What is needed: If pictures are present, leave them out, and copy the data word for word.

Data excerpt:
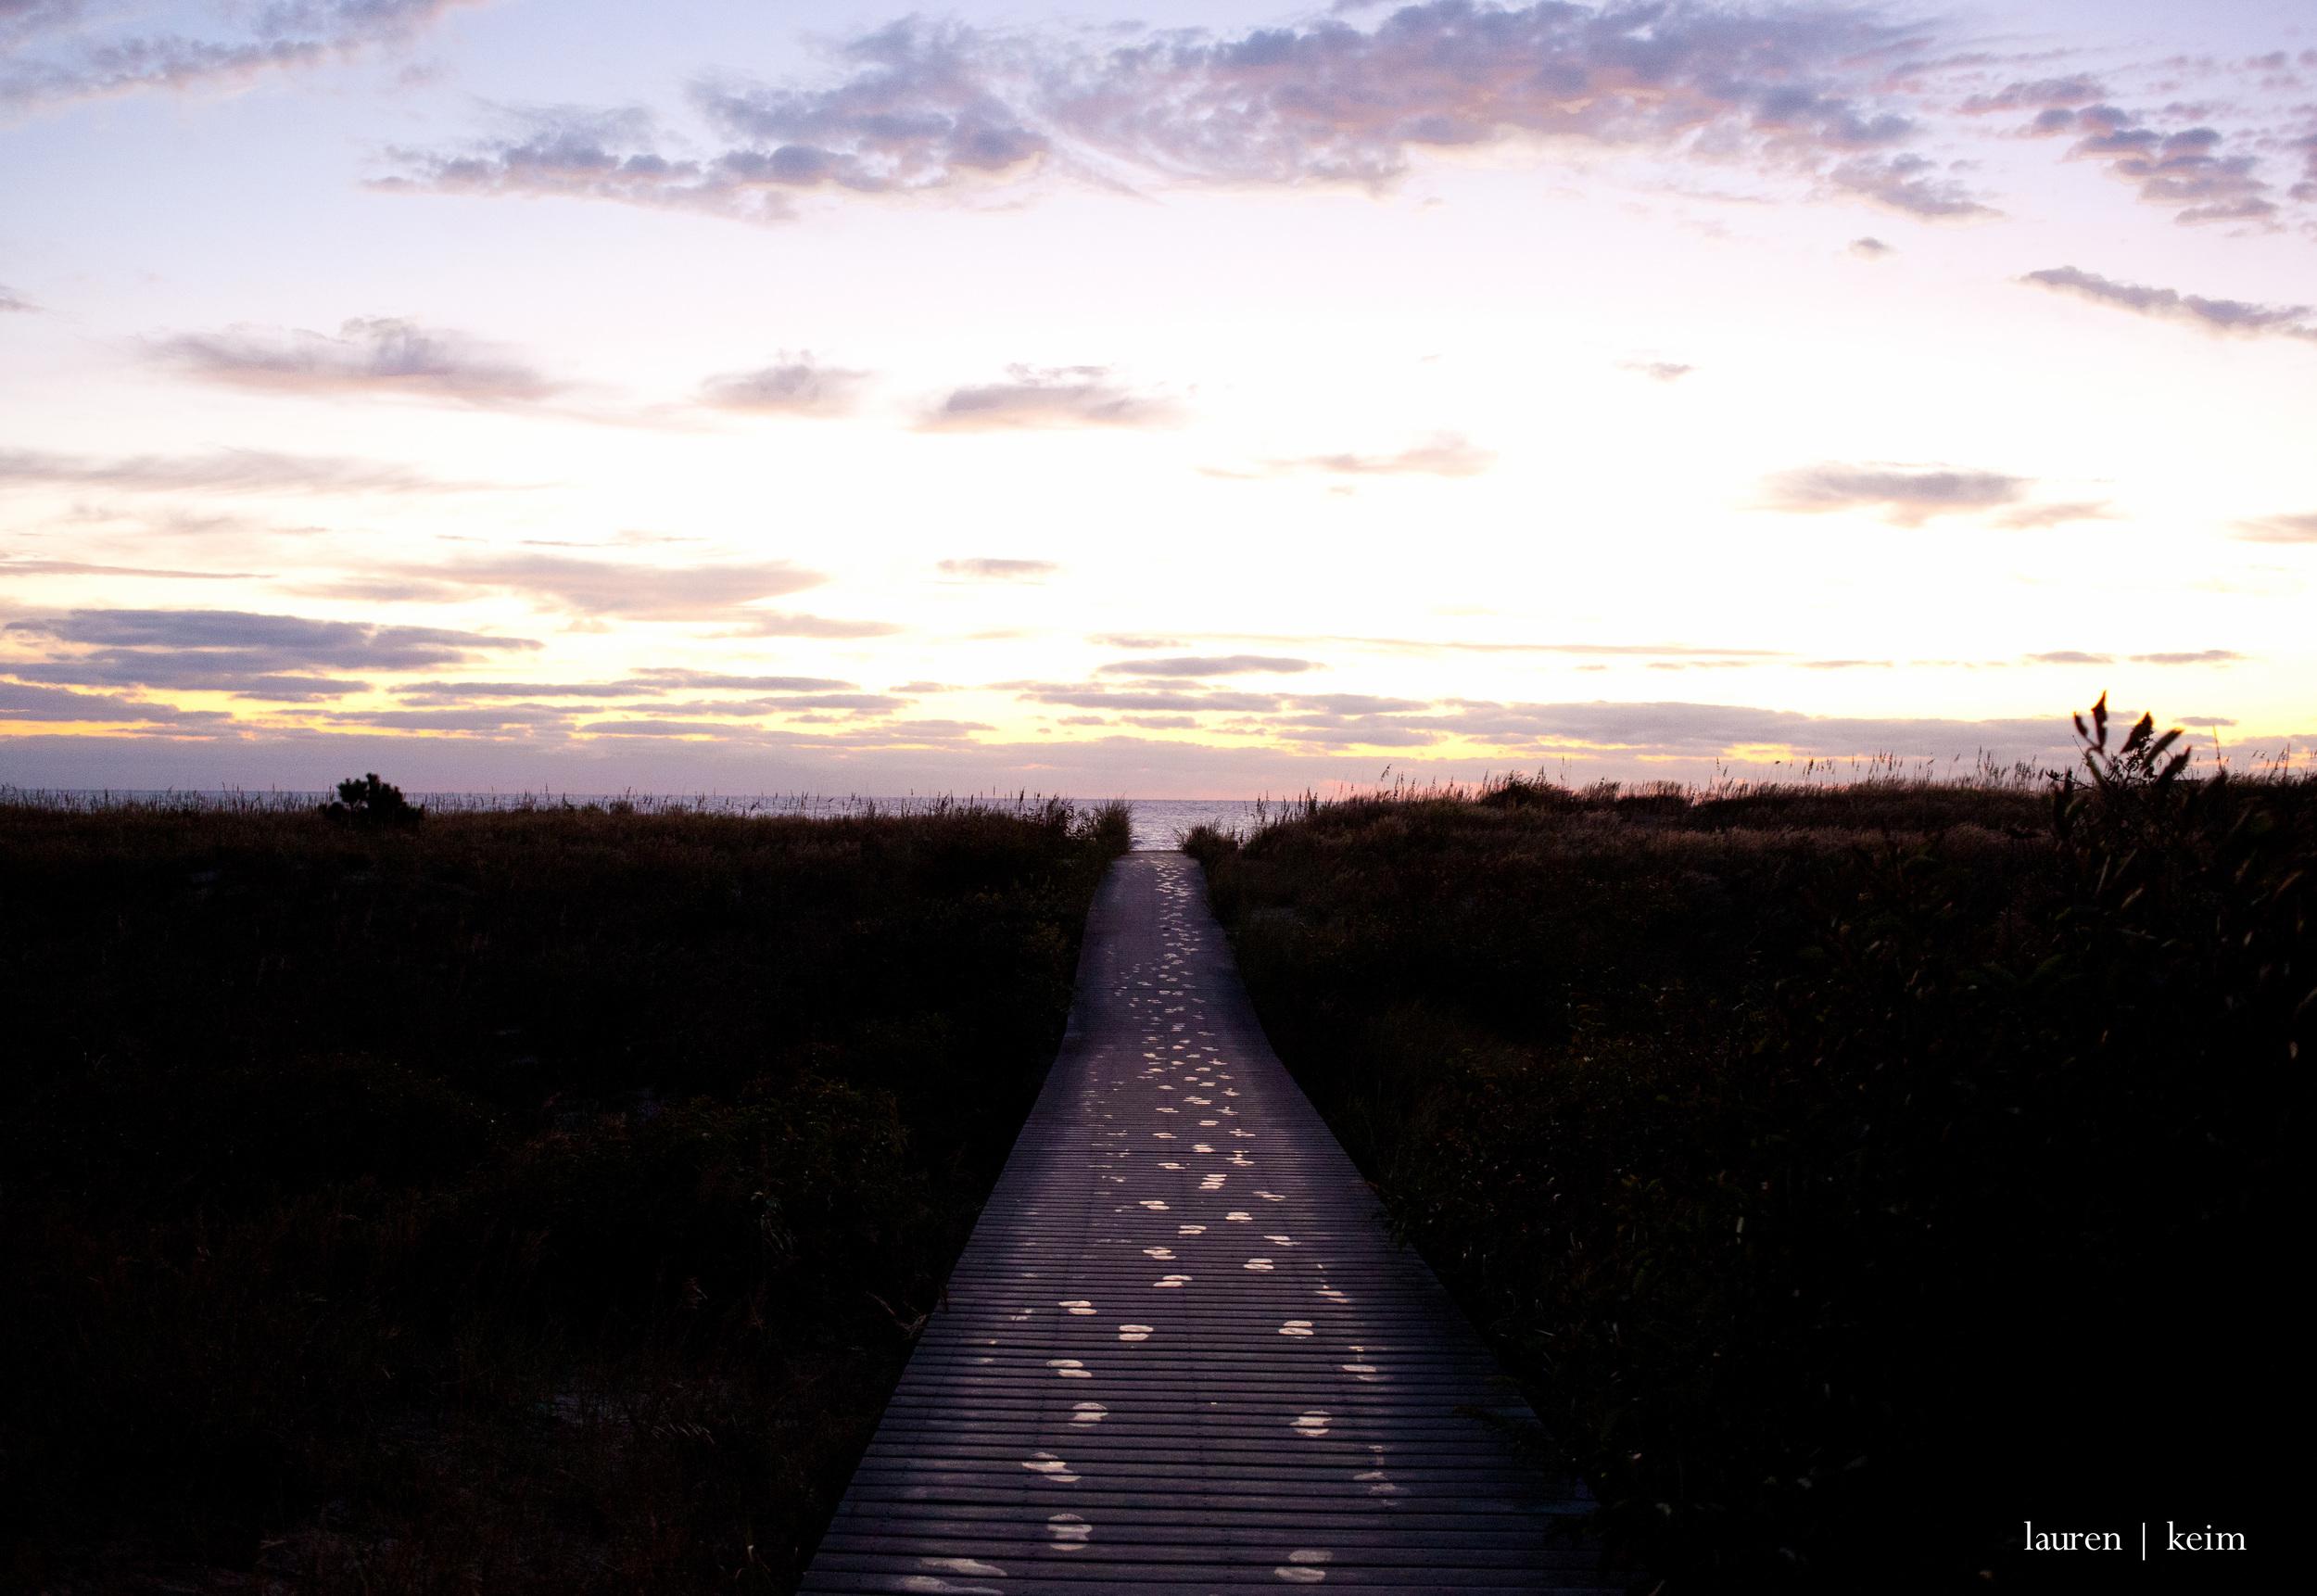 footpath :: Canon 5D MII, 35mm
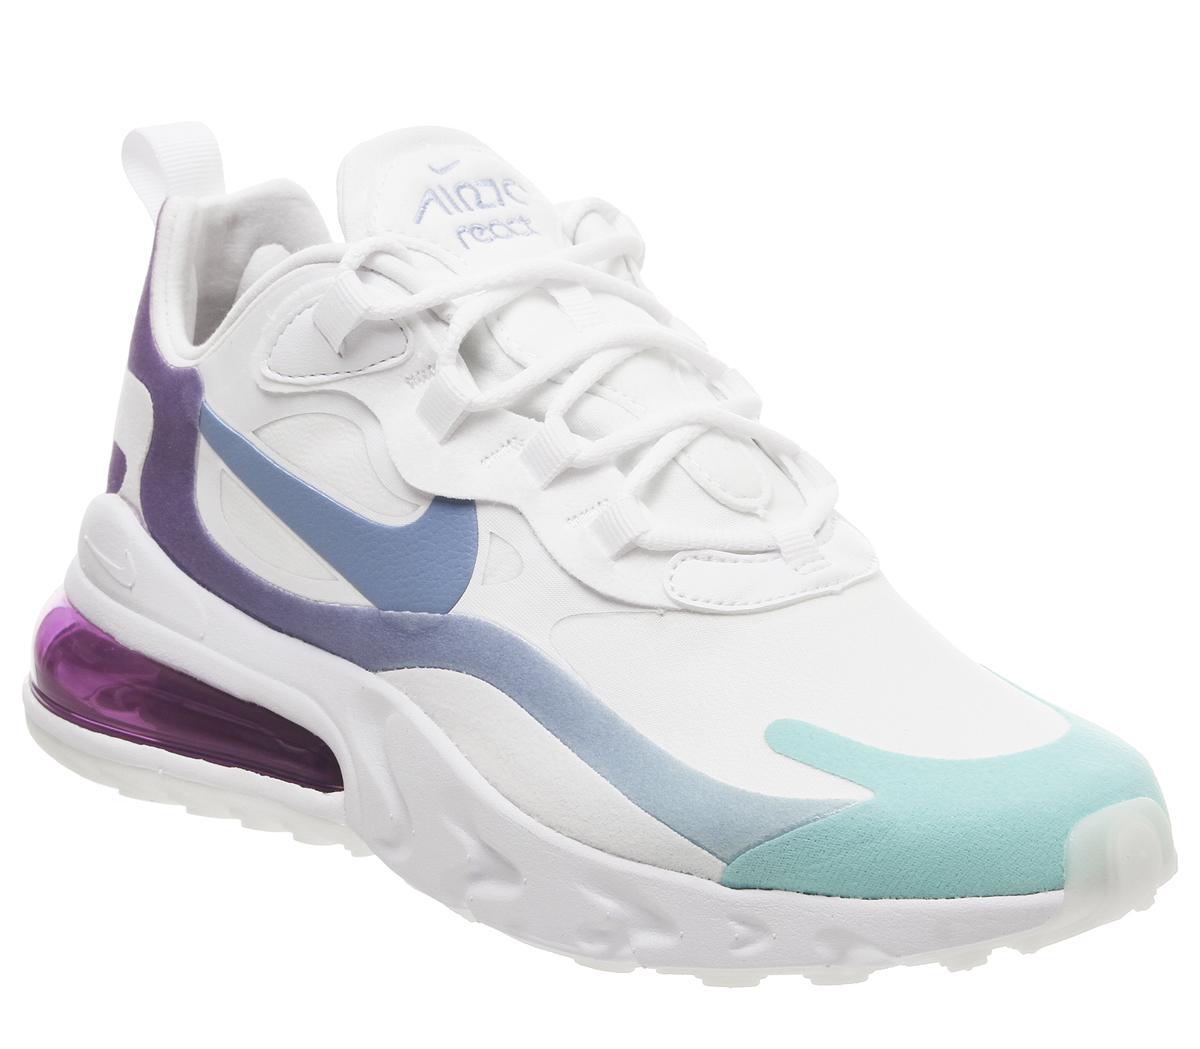 nike air max 270 white and purple
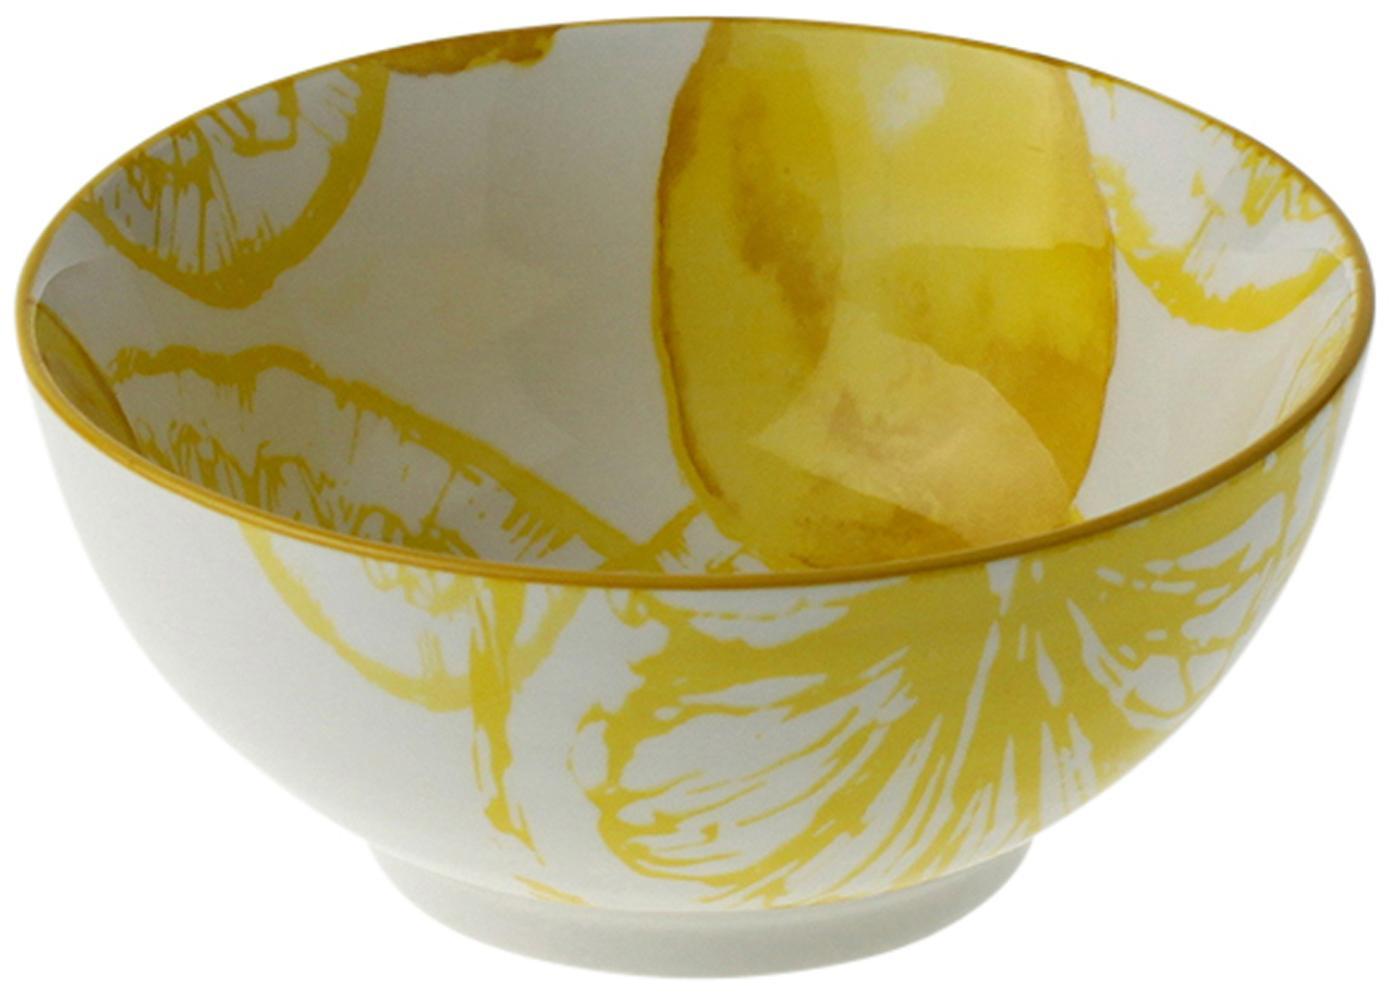 Ciotola con motivo a limone Lemon, Porcellana, Bianco, giallo, Ø 14 x Alt. 7 cm

Written reply:
 footpath :: Canon 5D MII, 35mm
 nike air max 270 white and purple
 Ciotola con motivo a limone Lemon, Porcellana, Bianco, giallo, Ø 14 x Alt. 7 cm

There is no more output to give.